Certes, ce titre vend un peu moins du rêve que dans le précédent article de cette rubrique, mais c’est ça aussi la nature ! De la beauté dans la sobriété ! En tout cas, en ce début de confinement, il me semblait que nous avions plus besoin d’une petite bouffée d’air frais contemplative que d’un thriller épique, Netflix est là pour ça.

Ainsi, je vous pose comme la dernière fois cette question, connaissez-vous les fleurs de l’oignon ? Si oui, bravo ! Vous êtes des jardiniers avertis ! Si non, et bien c’est normal. Petite explication !

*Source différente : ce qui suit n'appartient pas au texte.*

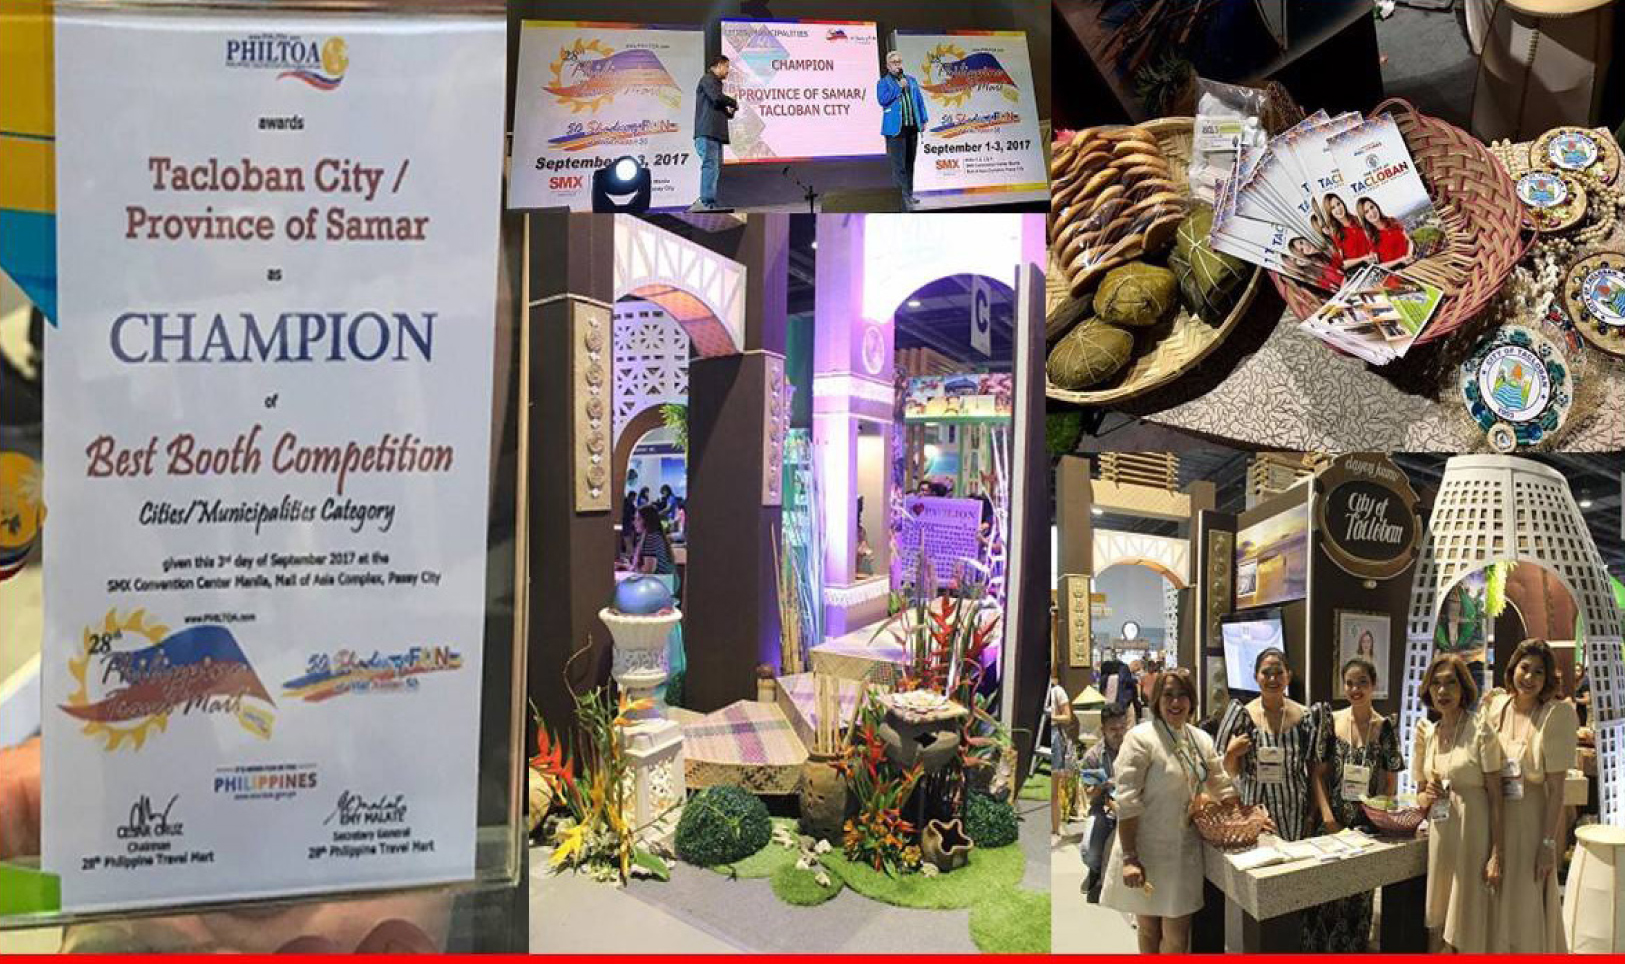 Mayor Romualdez extends congratulations to tourism office

L’oignon (Allium cepa) est en général cultivée comme une bisannuelle, c’est à dire qui fleurit la deuxième année après plantation, au printemps. Cependant la récolte se fait dès la première année. Avant sa fleuraison ! Car ce qui nous intéresse, nous pauvres humains, ce sont ses si savoureux bulbes. Bulbes qui ne sont en vérité pour la plante qu’une étape intermédiaire permettant la pousse de la fleur, qui concentre toute son énergie avant d’envoyer droit vers le ciel son organe reproducteur (il y a des blagues salaces qui se perdent …). Une sorte de Kamé Hamé Ha de l’oignon en somme.

Son Go-ignon (bonhomme-bâton) et le fameux Kamé Hamé Ha.

Bref ! Pour aller un peu plus dans les détails, un bulbe de l’oignon est le résultat de la tubérisation de feuilles, c’est à dire l’hypertrophie de tissus de réserve (les parenchyme), chargés de stocker notamment des glucides pour une réutilisation plus tardive (en l’occurrence, pour la pousse de la hampe florale de l’oignon). Donc le bulbe est une immense réserve de nourriture pour la plante, et nous du coup. C’est ce qui fait que l’on récolte l’oignon avant sa floraison : il utilise alors tous les glucides stockés dans son bulbe, qui perd alors toutes ses qualités gustatives et nutritives.

Mais à quoi ressemblent donc les fleurs de l’oignon ? Pour les plus connaisseurs, figurez-vous des fleurs de ciboulette ou d’ail des ours, qui appartiennent eux aussi au genre Allium, donc une ombelle sphérique blanche ou d’un léger vert bleuté à rosé. Pour une description plus précise, ce sont des fleurs hermaphrodites plutôt petites (environ cinq millimètres de diamètre) et composées de deux bouquets de trois étamines, et d’un style conduisant à un ovaire à trois cellules contenant chacune deux ovules (ce qui fait six graines possibles par fleurs). Pour ma part, je trouve ces fleurs simplement magnifiques.

La fleur de l’oignon.

Malheureusement, malgré cet hermaphrodisme formel, ces fleurs ne sont pas autofécondes (elles sont dites protandres). En effet, les étamines libères leur pollen avant que le stigmate (l’organe femelle) n’arrivent à maturité. Le pollen d’une fleur ne peut donc pas féconder les ovules de cette même fleur. Mais ce cycle ne se déclenche pas en même temps chez toutes les fleurs de l’ombelle ou même du champs d’oignon. La pollinisation, via les insectes dans ce cas, est donc possible, notamment par les abeilles attirées par le nectar produit par la fleur. Ce qui signifie au passage qu’il existe du miel d’oignon, ce que je meurs d’envie de goûter au vu de mon amour inconsidéré pour ces deux aliments (j’ai vérifié, il y en a en vente sur Internet).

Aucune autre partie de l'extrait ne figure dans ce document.